In München tut sich laut Süddeutsche Zeitung seit 2013 Die Freiheit unter ihrem Landesvorsitzenden Michael Stürzenberger und deren Umfeld beim gezielten Erzeugen von Hass-Mails besonders hervor. Wer sich „öffentlich gegen Rechtsextremismus“ wende und sich für eine „offene, tolerante Stadtgesellschaft“ oder für „interreligiösen Dialog“ engagiere, werde „zur Zielscheibe“. Auf einschlägigen Blogs oder Internetseiten werden die Betroffenen angeprangert; neben Beruf, Amt und Funktion wird die Mail-Adresse veröffentlicht. Michael Stürzenberger, der in Personalunion auch Landeschef der Bürgerbewegung Pax Europa ist, schreibt regelmäßig auf dem Internetblog Politically Incorrect (PI) und hat dort die Adressen von Politikern, Wissenschaftlern, religiösen Vertretern oder der Polizei veröffentlicht mit dem Hinweis, die Mails in Kopie an mehrere Adressaten zu schicken. Mit einer Flut von Hassmails wurden mehrere Politiker in München bedroht sowie ein Imam und eine evangelische Pfarrerin, die einen Imam zu einer Kanzelrede eingeladen hatte. Die Staatsanwaltschaft prüft, ob die Inhalte strafrechtlich relevant sind, etwa ob sie den Tatbestand der Volksverhetzung erfüllen. Joachim Herrmann bestätigte, dass der Verfassungsschutz intensiv prüfe, ob „hinreichende Anhaltspunkte für verfassungsfeindliche Bestrebungen“ der Partei Die Freiheit und des Weblogs und damit für eine Beobachtung vorliegen.[24] Bereits im September 2011 wurden enge Kontakte zwischen Die Freiheit und Stefan Herre, dem Gründer und Mitbetreiber von Politically Incorrect, in der Öffentlichkeit bekannt.[25]

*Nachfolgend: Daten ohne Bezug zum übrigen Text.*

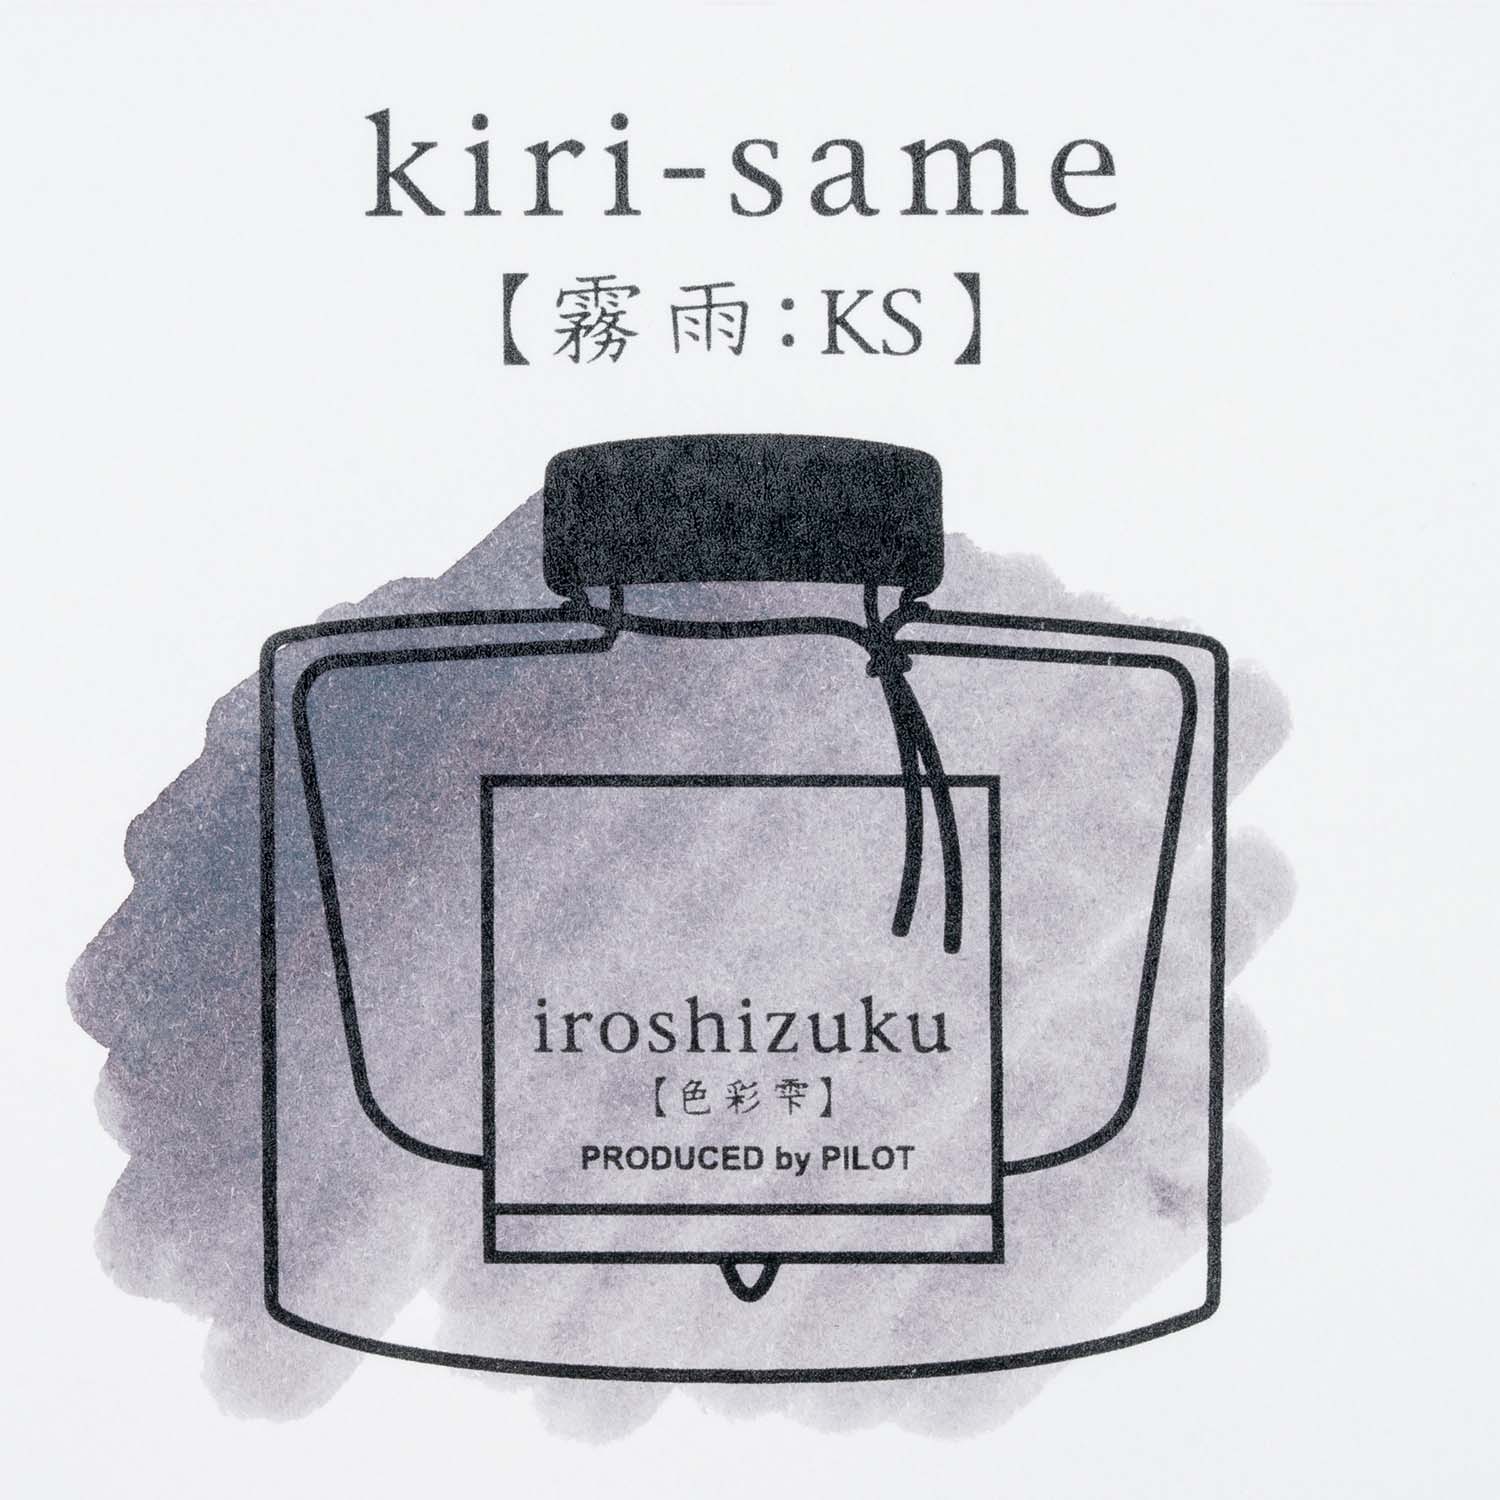 Pilot Iroshizuku Fountain Pen Ink - Kiri-same (Scotch Mist) - 50 ml Bottle gray

Bereits seit 2012 sammelt Die Freiheit Unterschriften für ein Bürgerbegehren gegen das geplante Zentrum für Islam in Europa München (ZIE-M). CSU-Fraktionschef Josef Schmid unterstellt Der Freiheit dabei „den gleichen Grad an Ausländerfeindlichkeit wie der NPD.“ Nach Münchens Oberbürgermeister Christian Ude geht es der Freiheit um eine grundsätzliche Absage an jegliche Religionsfreiheit für den Islam. Die Grenzen zwischen Rechtspopulismus und Rechtsextremismus hält Ude für „ausgesprochen fließend“.[26]

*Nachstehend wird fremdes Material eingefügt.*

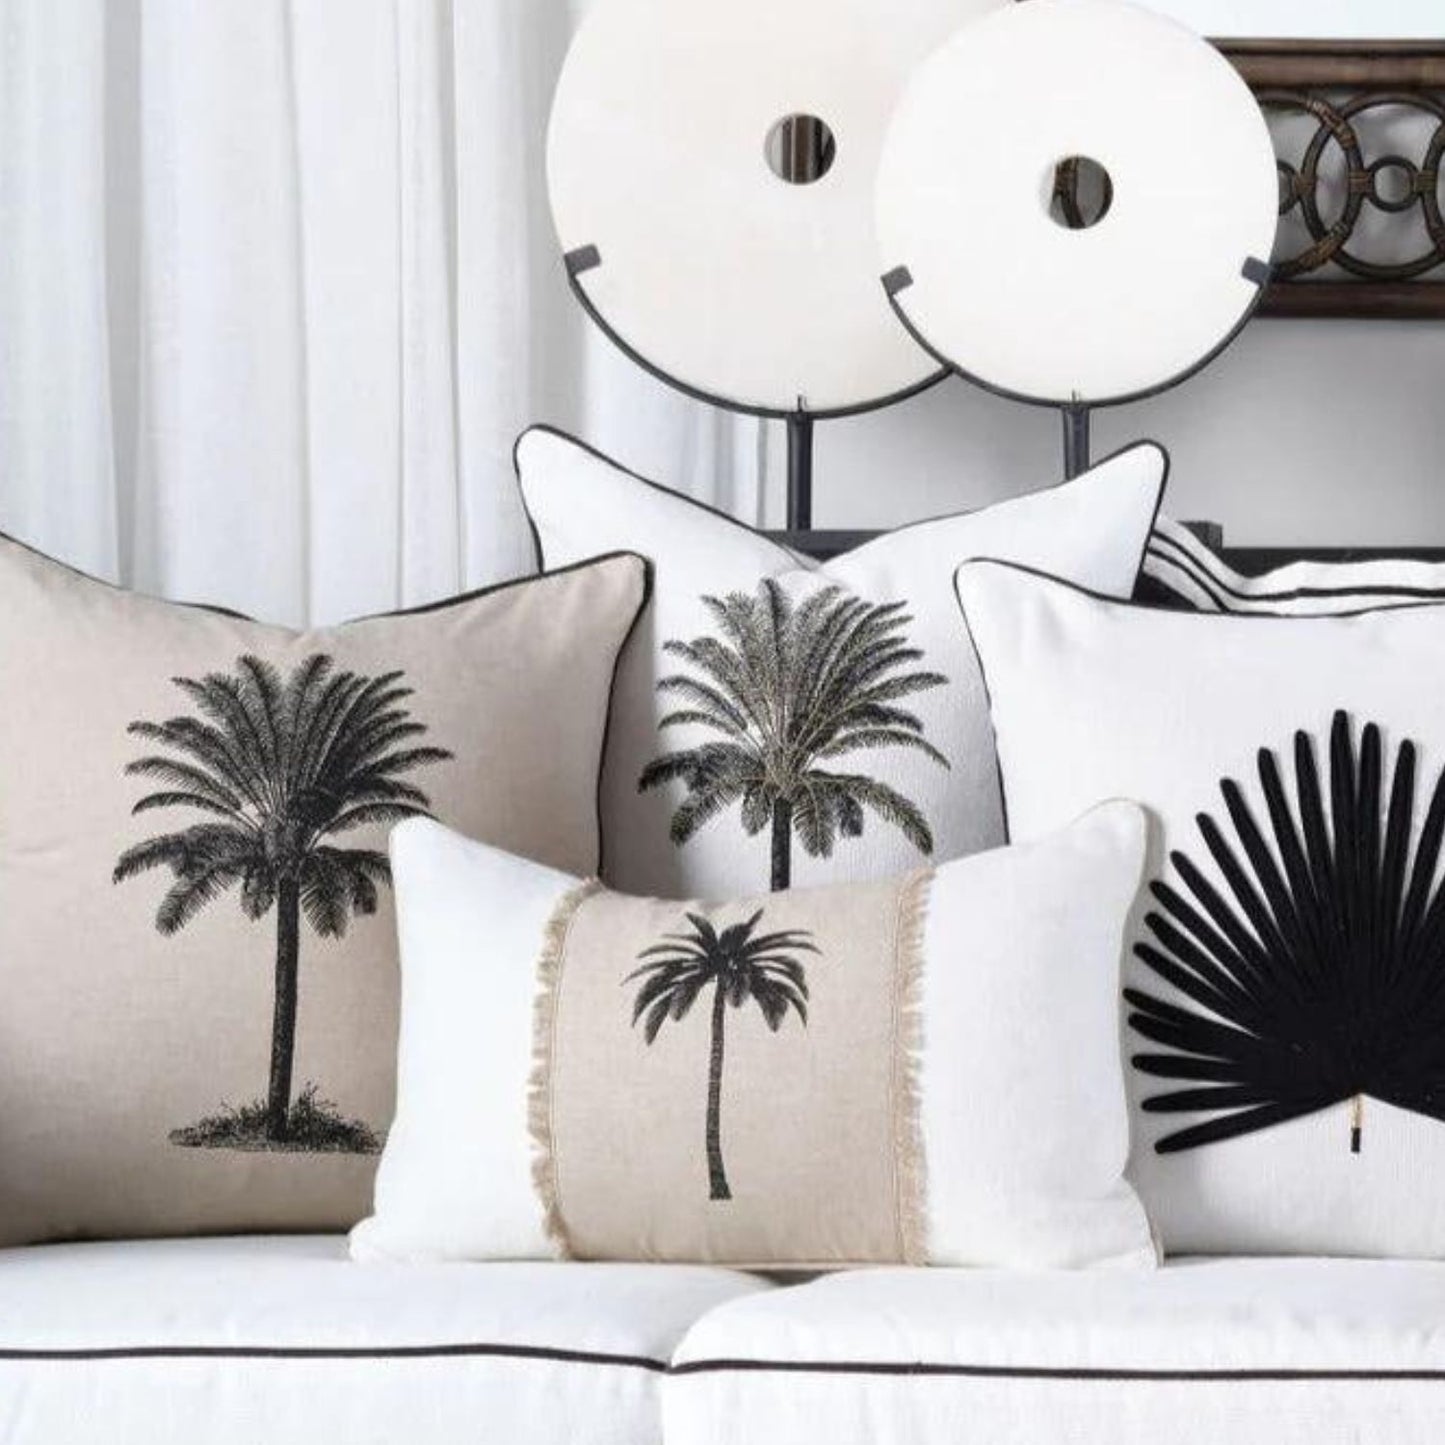 White, black and sand cushion 30x50 Palm coastal lumbar design

Das Bayerische Landesamt für Verfassungsschutz beobachtet seit März 2013 den bayerischen Landesverband der Freiheit unter der Leitung des Landesvorsitzenden Michael Stürzenberger wie auch die Münchener Ortsgruppe von Politically Incorrect und stuft diese als „extremistisch“ ein, weil sie mit ihren Aktionen die Menschenwürde von Muslimen verletze und das friedliche Miteinander von Menschen unterschiedlicher Herkunft und Religion bedrohe.[27] Bayern ist das einzige Bundesland, in dem Die Freiheit unter Beobachtung steht.[28] Laut Bayerns Innenminister Joachim Herrmann handle es sich um Islamfeindlichkeit, die sich außerhalb des Rechtsextremismus entwickele.[29] Die Beobachtung richtet sich insbesondere gegen Stürzenberger und einen „harten Kern“ des Landesverbandes, der etwa aus fünf Personen bestehe.[28]

Christian Holz, Mitglied im bayerischen Parteivorstand, akzeptierte im Sommer 2013 einen Strafbefehl über 180 Tagessätze zu je 10 Euro für gefährliche Körperverletzung und rassistische bzw. homophobe Beleidigungen gegenüber Gegendemonstranten und Journalisten.[30][31]

Im September 2013 kündigte die Münchner Bank der Partei das Konto und begründete dies damit, dass die genossenschaftlichen Werte der Bank auf einem friedlichen Miteinander von Menschen unterschiedlicher Herkunft und Religion basierten und die Aktionen der Partei dieses friedliche Miteinander bedrohten und die Menschenwürde verletzten. Auch die Stadtsparkasse München kündigte die Parteikonten.[32]

Weitgehende Einstellung der Aktivitäten[Bearbeiten]

Am 30. September 2013 teilte der Bundesvorsitzende Stadtkewitz mit, dass alle landes- und bundespolitischen Aktivitäten der Freiheit zugunsten der AfD eingestellt würden. Sein Stellvertreter Stürzenberger ergänzte jedoch, dass man auf kommunaler Ebene weiter aktiv bleiben wolle und eine Auflösung nicht geplant sei.[33][34] Bernd Lucke, der Parteichef der AfD, reagierte auf die Ankündigung durch Stadtkewitz, indem er einen Aufnahmestopp für ehemalige Mitglieder der Freiheit verhängte, wobei Ausnahmefälle nach Einzelprüfung und Bestätigung durch den jeweiligen Landesverband möglich seien.[35]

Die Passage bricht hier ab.